This project focuses on the Power Outages dataset, which contains information about major power outages in the U.S. spanning from January 2000 to July 2016. The dataset captures details about outage duration, causes, customer impact, and associated economic and demographic factors, making it a comprehensive resource for analysis.

Research Question: 

What are the characteristics of the most severe power outages, and which factors (e.g., location, climate, outage cause) are most commonly associated with higher severity?

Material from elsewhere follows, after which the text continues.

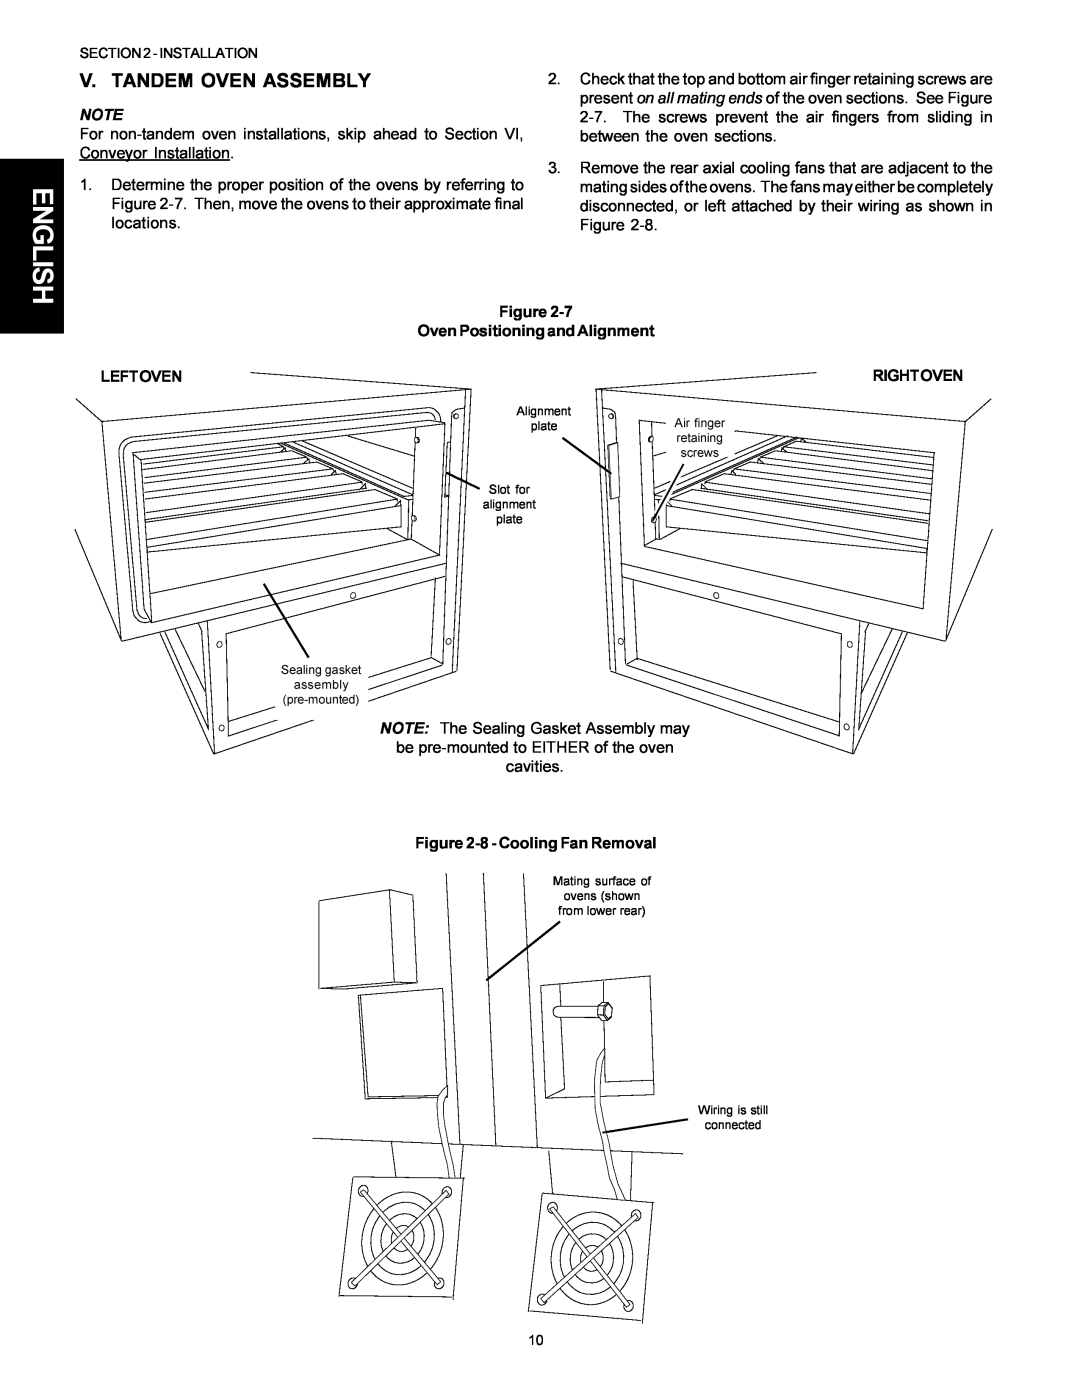 Middleby Marshall PS300F English, V. Tandem Oven Assembly, Figure Oven Positioning and Alignment, Leftoven, Rightoven

Furthermore, can we develop predictive models to better understand and forecast these severe events?



## Step 2: Data Cleaning and Exploratory Data Analysis

In [6]:
# Dictionary mapping month names to numerical values 
months = {
    "January": 1,
    "February": 2,
    "March": 3,
    "April": 4,
    "May": 5,
    "June": 6,
    "July": 7,
    "August": 8,
    "September": 9,
    "October": 10,
    "November": 11,
    "December": 12
}
# Converting date and time columns to appropriate formats
dates = outages["OUTAGE.START.DATE"].dropna().apply(lambda row: pd.to_datetime(row))
times = outages["OUTAGE.START.TIME"].dropna().apply(lambda row: pd.to_timedelta(row))
rdates = outages["OUTAGE.RESTORATION.DATE"].dropna().apply(lambda row: pd.to_datetime(row))
rtimes = outages["OUTAGE.RESTORATION.TIME"].dropna().apply(lambda row: pd.to_timedelta(row))
# Droping redundant time columns and combining date and time for unified datetime fields
cleaned = outages.copy().drop(["OUTAGE.START.TIME", "OUTAGE.RESTORATION.TIME"], axis=1)
cleaned["OUTAGE.START.DATE"] = dates + times
cleaned["OUTAGE.RESTORATION.DATE"] = rdates + rtimes

In [7]:
# head of the cleaned dataframe
cleaned["MEGAWATT.HOURS"] = (cleaned["OUTAGE.DURATION"]/60) * cleaned["DEMAND.LOSS.MW"]
cleaned


Unnamed: 0,OBS,YEAR,MONTH,U.S._STATE,...,PCT_LAND,PCT_WATER_TOT,PCT_WATER_INLAND,MEGAWATT.HOURS
1,1.0,2011.0,7.0,Minnesota,...,91.59,8.41,5.48,
2,2.0,2014.0,5.0,Minnesota,...,91.59,8.41,5.48,
3,3.0,2010.0,10.0,Minnesota,...,91.59,8.41,5.48,
...,...,...,...,...,...,...,...,...,...
1532,1532.0,2009.0,8.0,South Dakota,...,98.31,1.69,1.69,82.60
1533,1533.0,2009.0,8.0,South Dakota,...,98.31,1.69,1.69,1125.22
1534,1534.0,2000.0,,Alaska,...,85.76,14.24,2.90,


Univariate Analysis: Outages by NERC Region

In [65]:
fig = px.bar(cleaned["NERC.REGION"]
             .value_counts().reset_index()
             .sort_values("NERC.REGION"), x='NERC.REGION', y='count', 
             labels={"NERC.REGION": "NERC Region", "count": "Number of Outages"}, title="Outages by NERC Region")
fig.show()

Bivariate Analysis: Statewide Average Prices vs. Electricity Consumed

In [9]:
fig = px.scatter(x=cleaned["TOTAL.PRICE"], y=cleaned["TOTAL.SALES"], 
                 labels={"x": "Average Monthly Price (Cents per Kilowatt-Hour)"
                         , "y": "Consumption (Megawatt-Hours)"}, title="Statewide Average Prices vs. Electricity Consumed")
fig.show()

Grouped Analysis: Outage Duration by Climate Category and State

In [10]:
pd.pivot_table(cleaned, values="OUTAGE.DURATION", index="U.S._STATE", columns="CLIMATE.CATEGORY", aggfunc="mean").head(10)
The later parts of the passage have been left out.